AMC12 2022 B

Refer to the diagram above. Let the origin be at the center of the square, $A$ be the intersection of the top and right hexagons, $B$ be the intersection of the top and left hexagons, and $M$ and $N$ be the top points in the diagram. By symmetry, $A$ lies on the line $y = x$. The equation of line $AN$ is $y = -x\sqrt{3} + \frac{3}{2}\sqrt{3} - \frac{1}{2}$ (due to it being one of the sides of the top hexagon).
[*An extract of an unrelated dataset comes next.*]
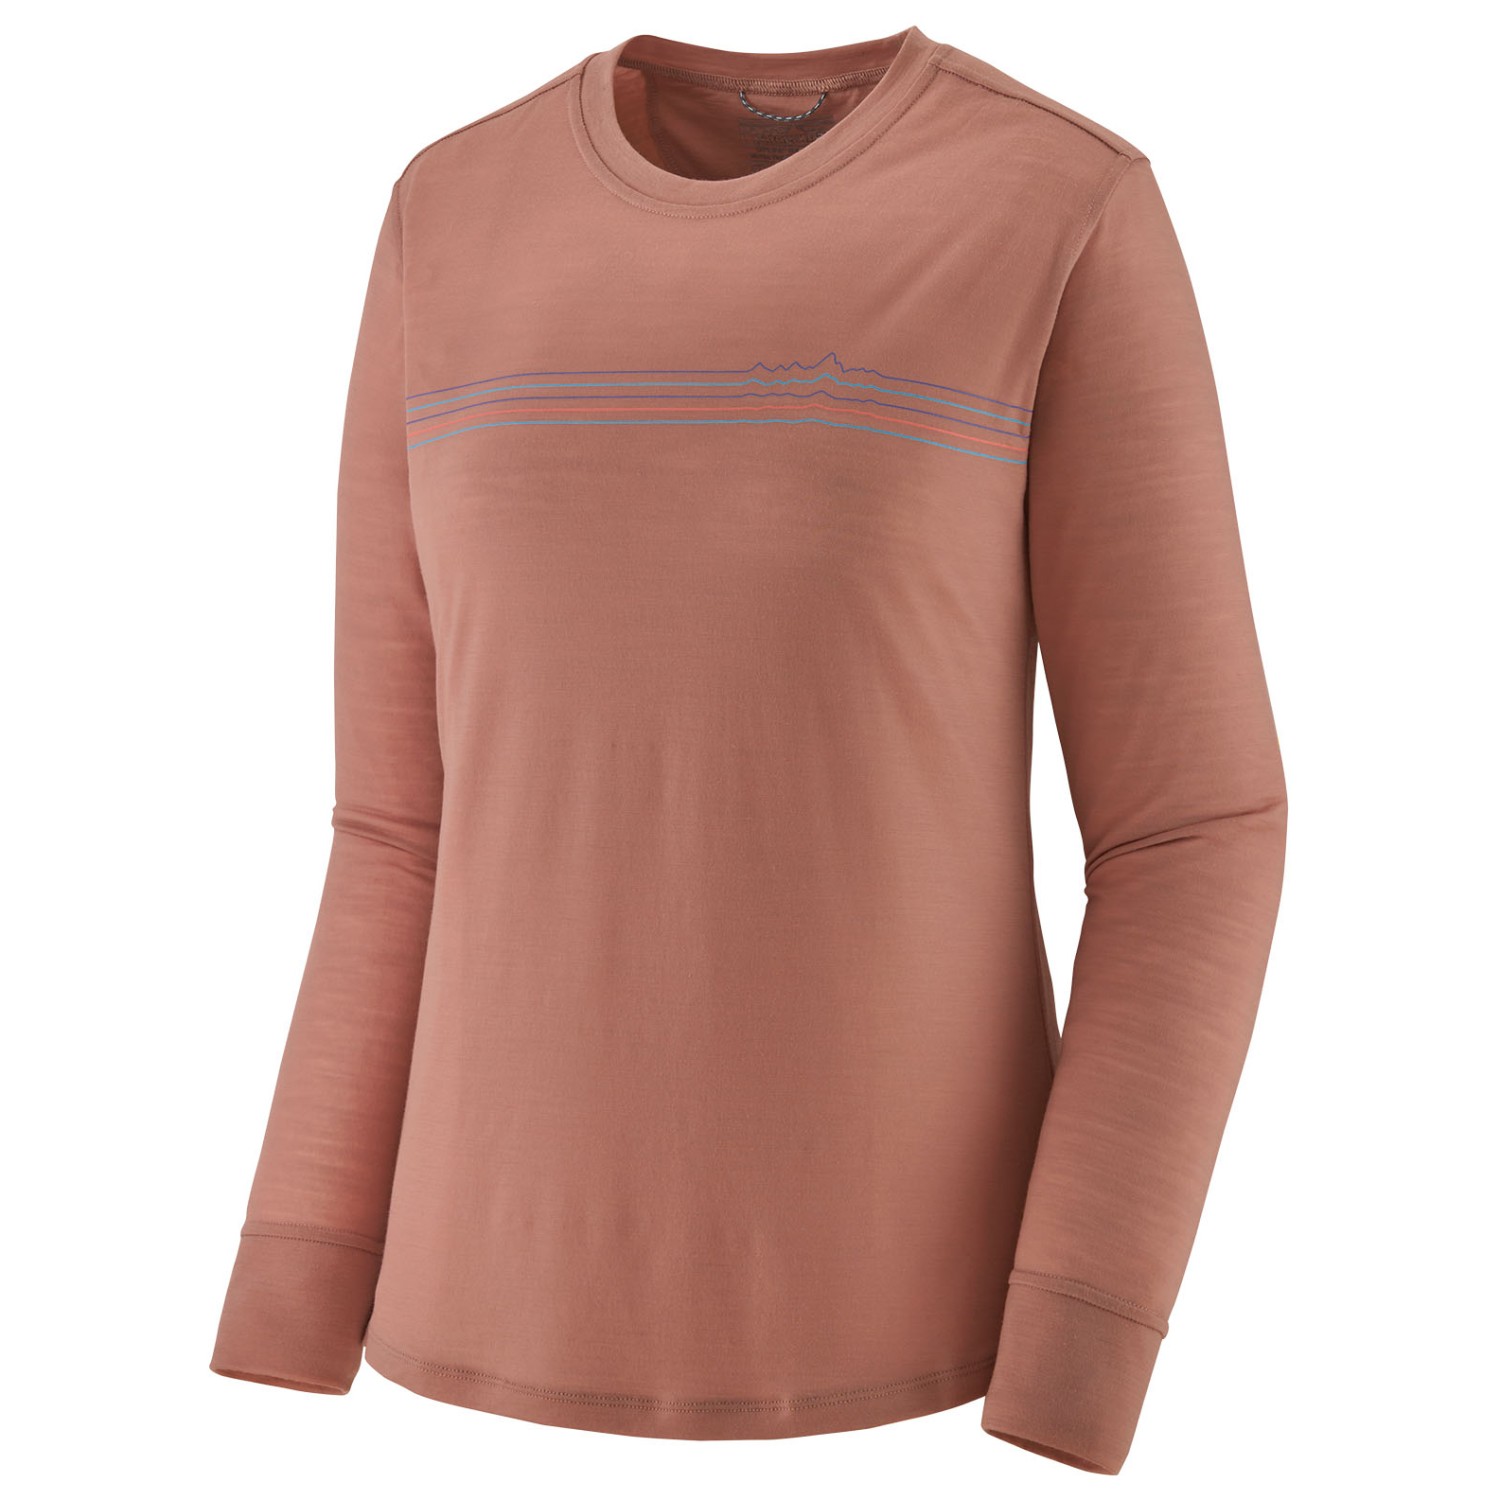 Рубашка из мериноса Patagonia Women's L/S Cap Cool Merino Graphic Shirt, цвет Fitz Roy Fader/Terra Pink рубашка cool club светлая на 2 года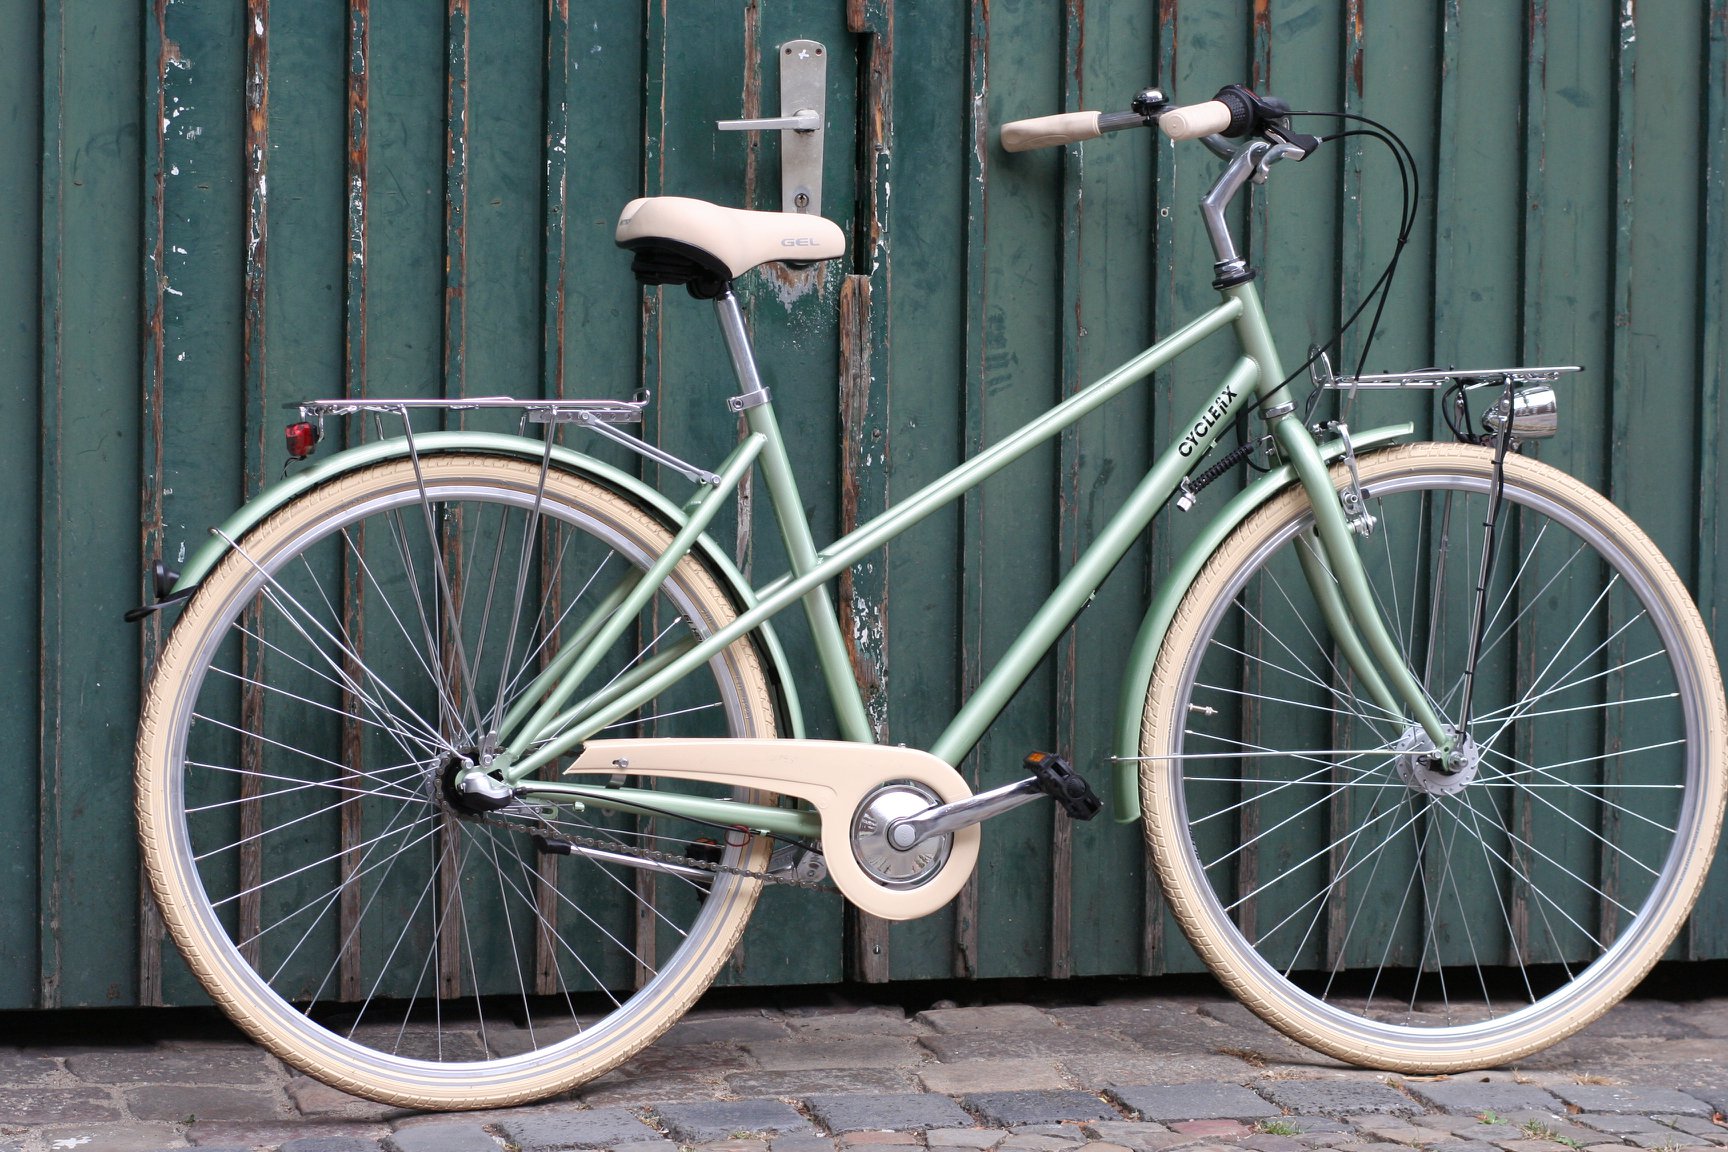 Cyclefix Urban Damen City Bike Eur 449,00

Thus, we can solve for the coordinates of $A$ by finding the intersection of the two lines: \[x = -x\sqrt{3} + \frac{3\sqrt{3} - 1}{2}\] \[x(\sqrt{3} + 1) = \frac{3\sqrt{3} - 1}{2}\] \[x = \frac{3\sqrt{3}-1}{2} \cdot \frac{1}{\sqrt{3} + 1}\] \[= \frac{3\sqrt{3}-1}{2(\sqrt{3} + 1)} \cdot \frac{\sqrt{3} - 1}{\sqrt{3} - 1}\] \[= \frac{10 - 4\sqrt{3}}{4}\] \[= \frac{5}{2} - \sqrt{3}\] \[\therefore A = \left(\frac{5}{2} - \sqrt{3}, \frac{5}{2} - \sqrt{3}\right).\] This means that we can find the length $AB$, which is equal to $2(\frac{5}{2} - \sqrt{3}) = 5 - 2\sqrt{3}$. We will next find the area of trapezoid $ABMN$. The lengths of the bases are $1$ and $5 - 2\sqrt{3}$, and the height is equal to the $y$-coordinate of $M$ minus the $y$-coordinate of $A$. The height of the hexagon is $\sqrt{3}$ and the bottom of the hexagon lies on the line $y = \frac{1}{2}$. Thus, the $y$-coordinate of $M$ is $\sqrt{3} - \frac{1}{2}$, and the height is $2\sqrt{3} - 3$. We can now find the area of the trapezoid: \[[ABMN] = (2\sqrt{3} - 3)\left(\frac{1 + 5 - 2\sqrt{3}}{2}\right)\] \[= (2\sqrt{3} - 3)(3 - \sqrt{3})\] \[= 6\sqrt{3} + 3\sqrt{3} - 9 - 6\] \[= 9\sqrt{3} - 15.\] The total area of the figure is the area of a square with side length $AB$ plus four times the area of this trapezoid: \[\textrm{Area} = (5 - 2\sqrt{3})^2 + 4(9\sqrt{3} - 15)\] \[= 37 - 20\sqrt{3} + 36\sqrt{3} - 60\] \[= 16\sqrt{3} - 23.\] Our answer is $16 + 3 - 23 = \boxed{\textbf{(B) }-4}$.